Смолокуры заходились от хохота. Ничего себе новичок, не то что Томаш. Теперь хоть сказок вдоволь наслушаются. Иов тоже сиял. Правда, было страшновато: как можно говорить такое про царя? Хоть и про басурманского, а все же про царя! Однако это как раз и разжигало любопытство.
А в смолокурне Иов и вовсе рот разинул от изумления. Новый окинул взглядом котлы, черные стены строения и сказал:
— Ну и работка! От дыма дыхнуть нечем. Вот бы его, хозяина нашего Алексея Григорьевича Монтуха или Ментуза — как там его? — сюда, да покоптить недельку! Узнал бы, почем фунт лиха и каково это копейки получать за такую работу!
Иов вдруг почувствовал, что ему стало совсем скверно, — и дома ведь не побывал, и в баньке не помылся. Болели руки, ныла спина, слипались глаза. Эх, если б и верно хозяину такое, Монтуху! Пусть бы почесался! Пусть бы покрутился тут за гривенник в день! А новичок — разговорчивый парень! — не унимался:
— Мы бы на него, Иов, так, как он есть, в том его шикарном костюме, большую вязанку головешек взвалили. Вези! Пан пристав, конечно, прибежал бы на выручку: уж больно часто они вместе выпивают. Мы бы такую же вязанку и пану приставу, на его белюсенький пиджачок.
— Хо! — не смолчал Иов.
— Погоди, погоди, еще не все, — продолжал Георгий Тыяновский. — А жена? А где же Монтушиха? Тьфу, черт, и не выговоришь! И как это мы, Иов, про его жену забыли? Она ведь обязательно примчится выручать своего Монтуха. Давай, милости просим! Значит, и еще вязанку головешек — на толстую, как две бочки одна на другой, Монтушиху. Они это прут, стараются, а мы с тобой сидим, плюем да посмеиваемся. Нет, это здорово: за какой-то гривенник такая комедия! А, Иов?

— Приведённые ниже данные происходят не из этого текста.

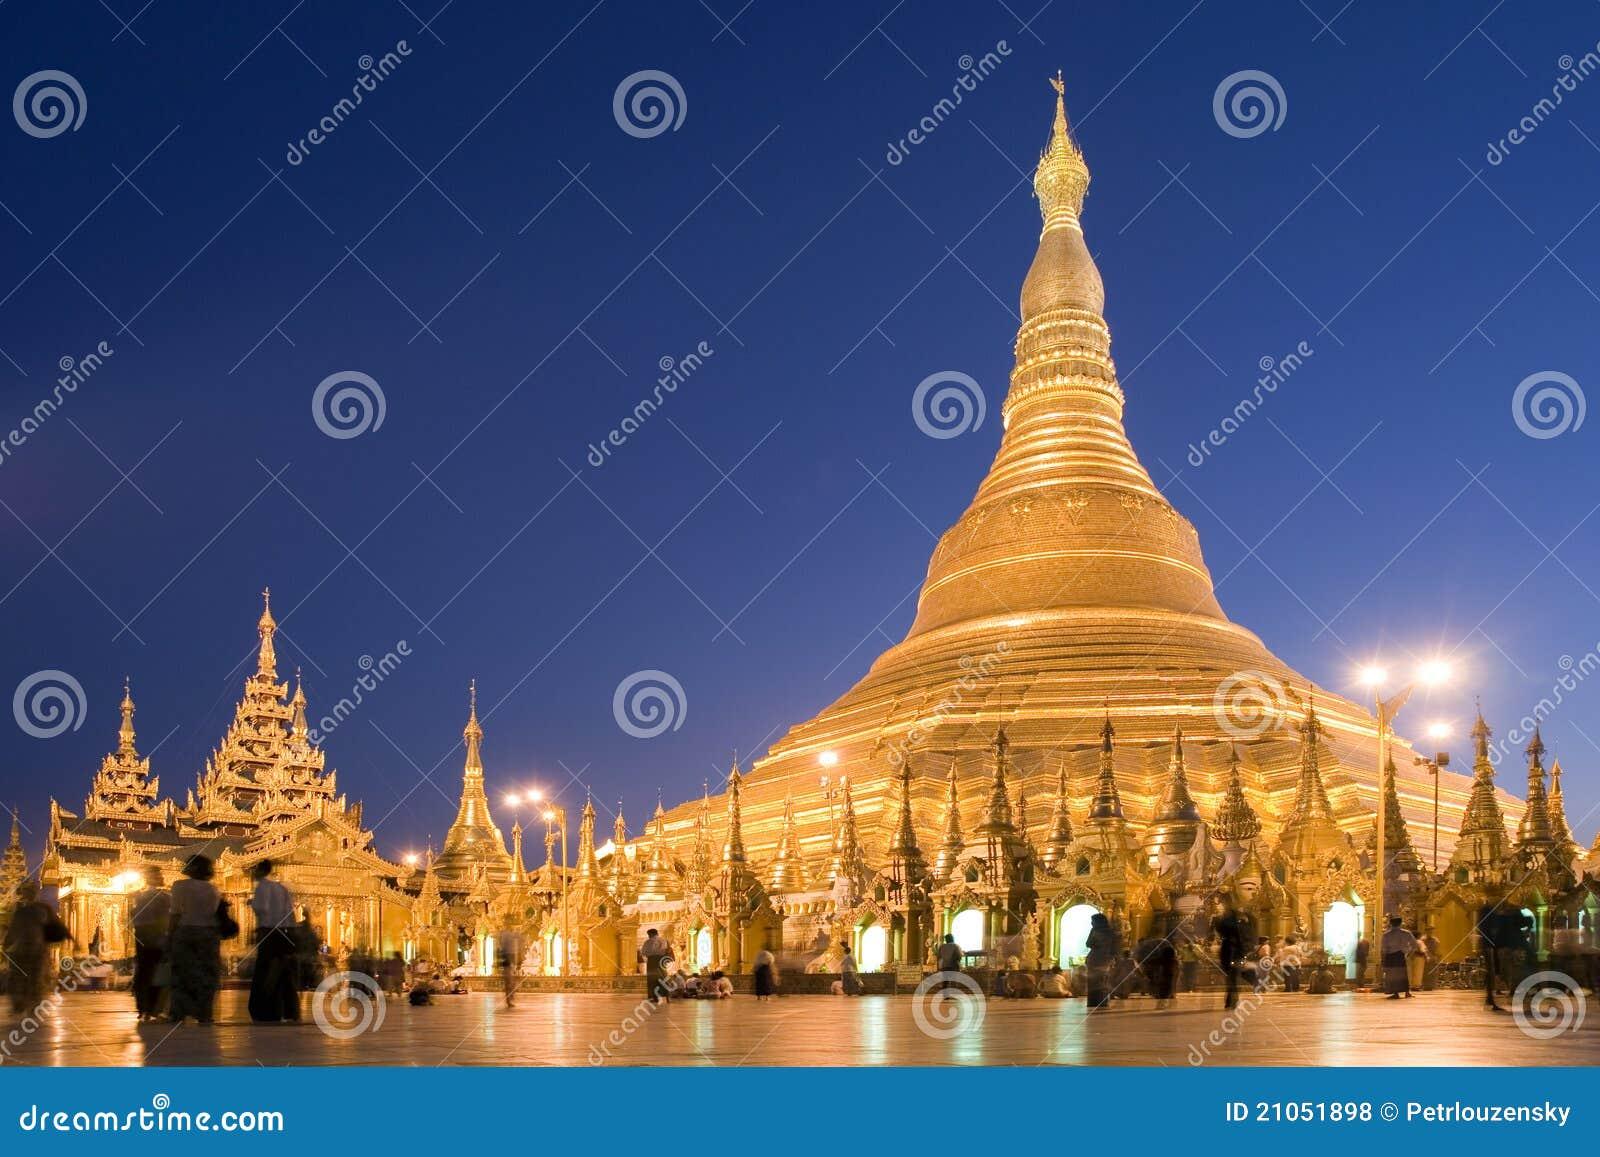 Pagoda de Shwedagon à Yangon, Myanmar (Birmanie)
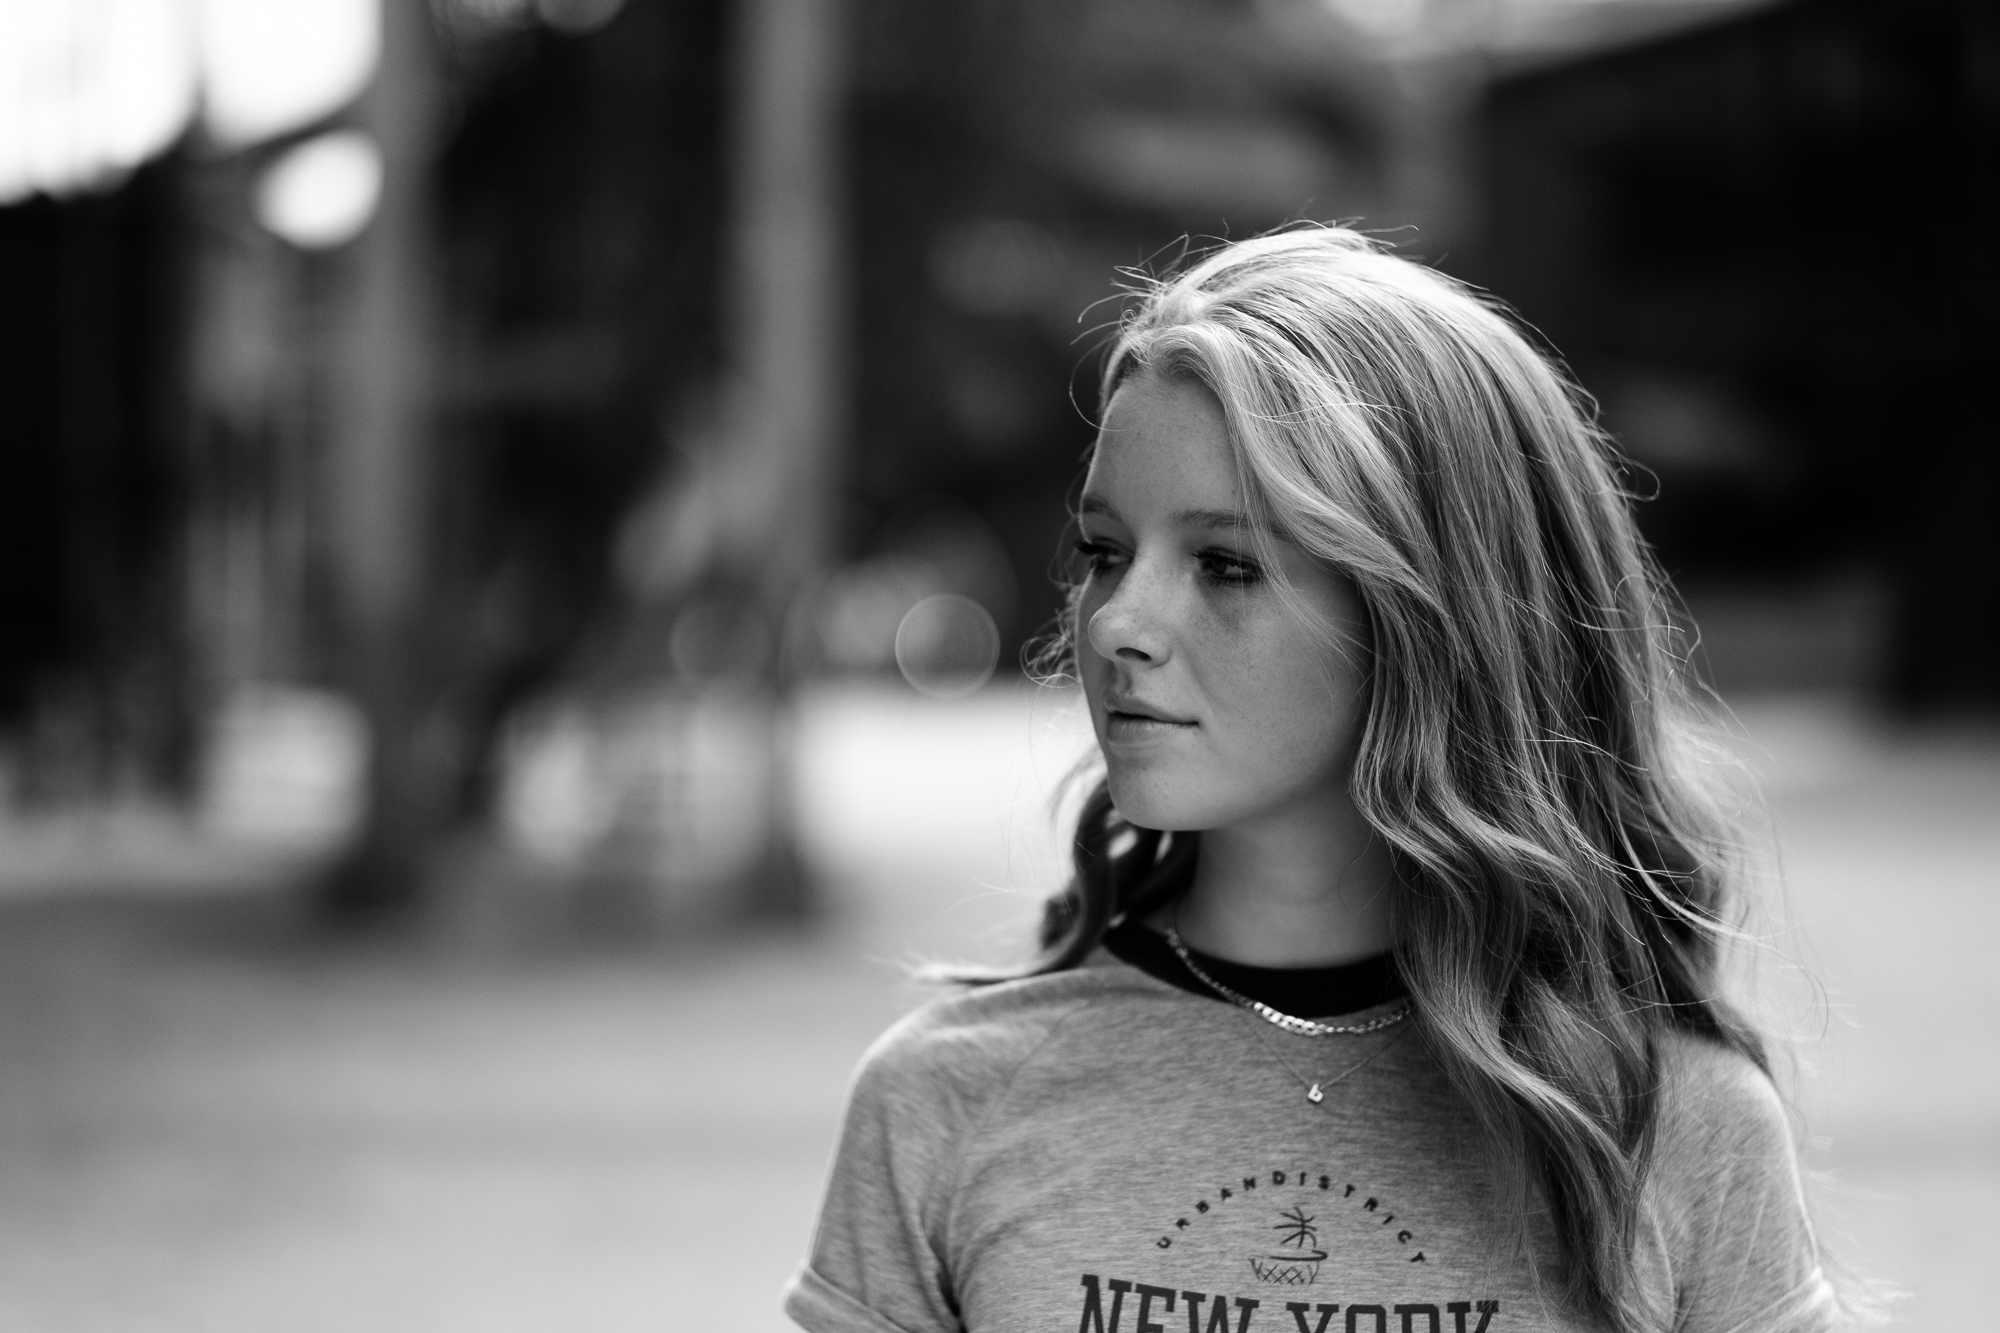 Profile portrait of a girl

Иов усмехался, пытаясь представить себе, как хозяин с хозяйкой, да еще в придачу и полицейский тащат вязанки головешек. Забавная картина!..
Новичок пришелся Иову по душе. Он охотно слушал все, что тот рассказывал. Не нравились ему только сказки про богатого мужика. То богатый мужик прилип к котлу с деньгами, то ограбил сироту, то они вместе с попадьей чужую просвирню съели. Тут уж и вовсе хоть уши затыкай. А между тем, если отца вспомнить, так и правда... Смолокуры хохочут, а Иов делает вид, будто к нему это не имеет ни малейшего отношения. А сам думает, думает...
Сказки да побасенки — все это так и сыпалось, словно горох из мешка, даже во время трудной, напряженной работы. Иов только удивлялся, как новичок не устает говорить и работать наравне со всеми. Он, казалось, мог рассказывать и год и два, как заведенный...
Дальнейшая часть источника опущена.